Data scandals: The undoing of social media major Facebook?

Chennai: Social media giant Facebook and privacy scandals have gone hand-in-hand and recent reports suggest that the pot is still brewing.

Last night, word about yet another issue with data privacy came out, where Facebook had allegedly given technology companies like Microsoft, Netflix and Spotify special access to user’s data.

According to a NYT report, the social media company offered these firms access to everything from friends lists to private messages, even after it claimed it no longer offered such access to anyone.

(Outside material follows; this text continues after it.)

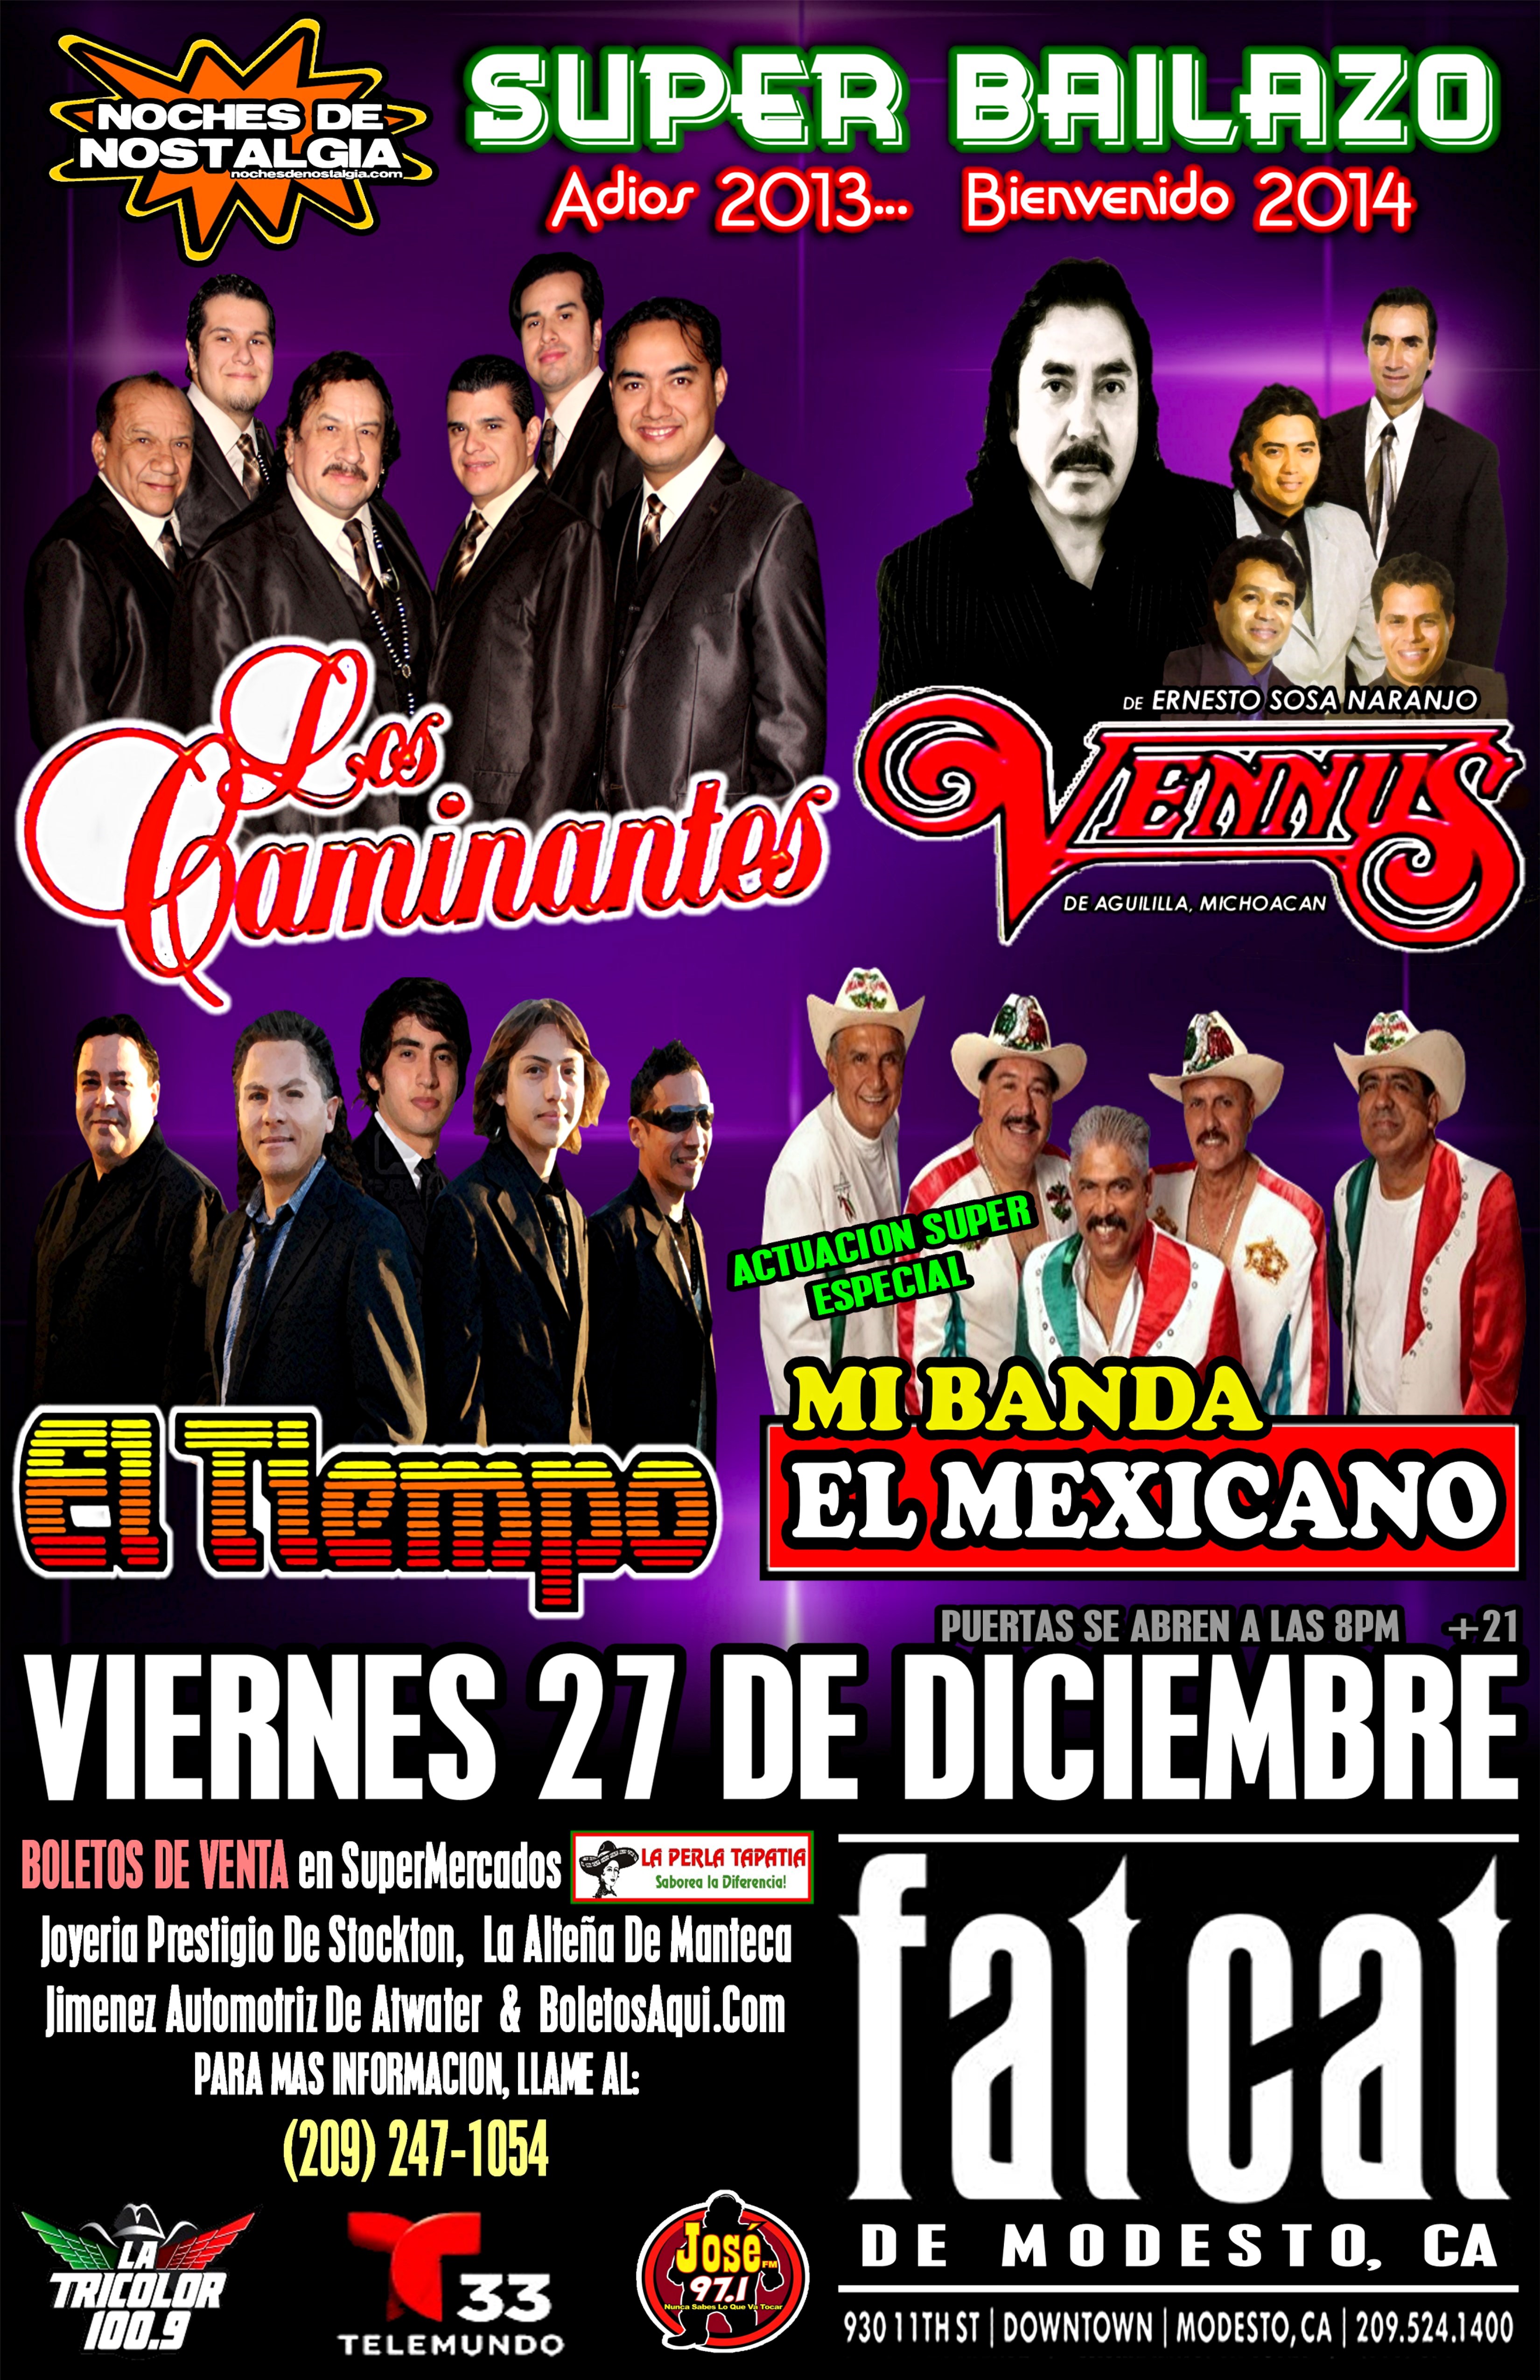 Buy Tickets to Los Caminantes in Modesto

Netflix and Spotify apparently had the ability to read, write, and delete messages for users, while Microsoft’s Bing search engine could “see the names of virtually all Facebook users’ friends without consent”, the report said.

The list includes Russian search company, Yandex, too and it was allegedly allowed to see user IDs as late as last year, after Facebook was supposed to have cut even partner companies off from that information, reports stated.

Violation or not?

This degree of access might have been a violation of the Federal Trade Commission (FTC)’s 2011 decree that Facebook obtain explicit permission before sharing anyone’s data, experts state.

In the NYT report, Facebook’s director of Privacy and Public Policy, Steve Satterfield, said this access didn’t violate the FTC’s ruling because the ruling “did not require the social network to secure users’ consent before sharing data, because, Facebook considered the partners extensions of itself”.

Facebook released a statement, contrary to what Satterfield had said, saying that all of the access these companies were granted was done with user permission, including the ability to write and delete messages.

Facebook‘s head of Developer Programs, Konstantinos Papamiltiadis, said to a hypothetical worried user: “Our integration partners had to get authorization from people. You would have had to sign in with your Facebook account to use the integration offered by Apple, Amazon or another integration partner.”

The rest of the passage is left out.